Meisterinnen der Selbstführung

Es gibt sie, die unendlich vielen Solo-Selbständigen Frauen in der Beratung, im Coaching und im Trainingsgeschäft die vor Kurzem völlig ausgebremst und auf sich und/oder die Familie zurückgeworfen wurden. Zu Beginn der Pandemie machte es zwar eher den Eindruck eines ad hoc Aktionismus, denn jede wollte plötzlich etwas anbieten und etwas tun, um bloß vom Stillstand verschont zu bleiben.

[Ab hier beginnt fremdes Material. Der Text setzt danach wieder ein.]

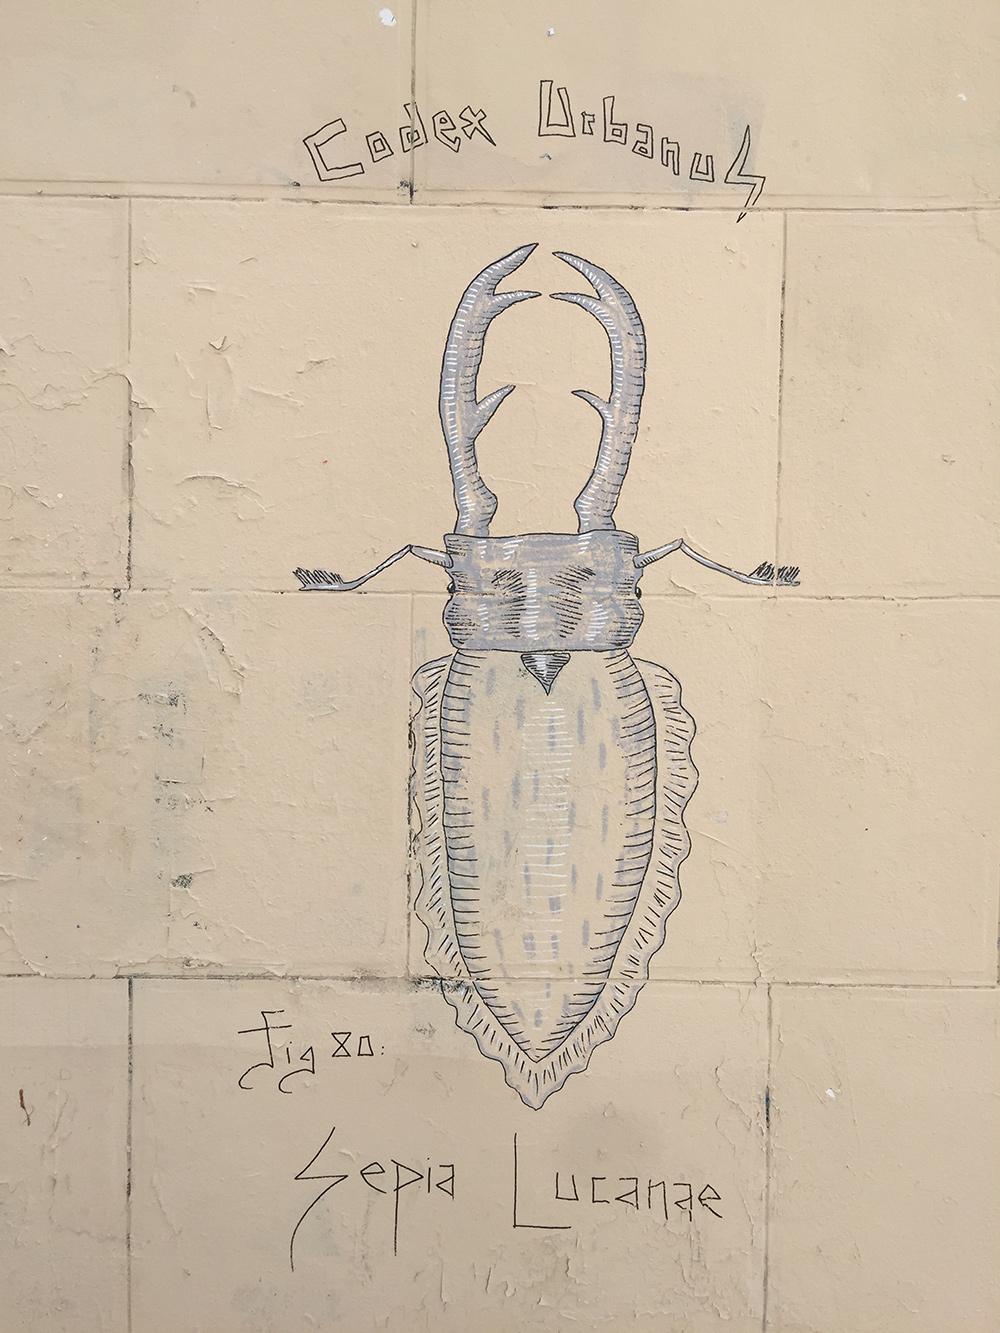 Codex Urbanus, Sepia Lucanæ, rue Chappe, Montmartre Street Art

Doch jetzt, jetzt erlebe ich, wie sie wieder zu sich kommen, sich ihrer selbst gewahr werden, das ausgebremst sein annehmen und daraus Neues entstehen lassen.

Im Geiste spielen und experimentieren sie, scribbeln Ideen auf Papier und erörtern sie mit anderen, lassen sich auf den Umgang mit Unsicherheit ein, blühen auf und folgen der Freude an sich, sind kreativ, ideenreich und betreten neue Pfade – trotz der Tatsache, dass kein bzw. nur kaum Geschäft vorhanden ist und trotz der Tatsache, dass manche von ihnen parallel zu 100% als Mutter gefordert sind.

Der Umgang mit dem ausgebremst sein ist bei ihnen so mannigfaltig und kunterbunt wie sie selbst. Doch eines fällt auf: Die Solo-Selbständigen Frauen haben etwas gemeinsam:

Sie sind wahre Lebensgestalter – machen das Beste aus der Situation und arrangieren sich neu.
Sie sind aufgeschlossen für das Neue – probieren sich aus, erkunden und denken quer.
Sie bleiben am Ball und gehen voran – mit Kreativität, Kraft und Optimismus.
Und – sie alle sind echte Meisterinnen der Selbstführung: reflektiert, bewusst, verantwortungsvoll und entscheidungsstark in komplexen herausfordernden Situationen. Tagein, tagaus.

Meines Erachtens können viele von ihnen lernen – sie sind Vorbilder für viele Führungskräfte – die Solo-Selbständigen Frauen.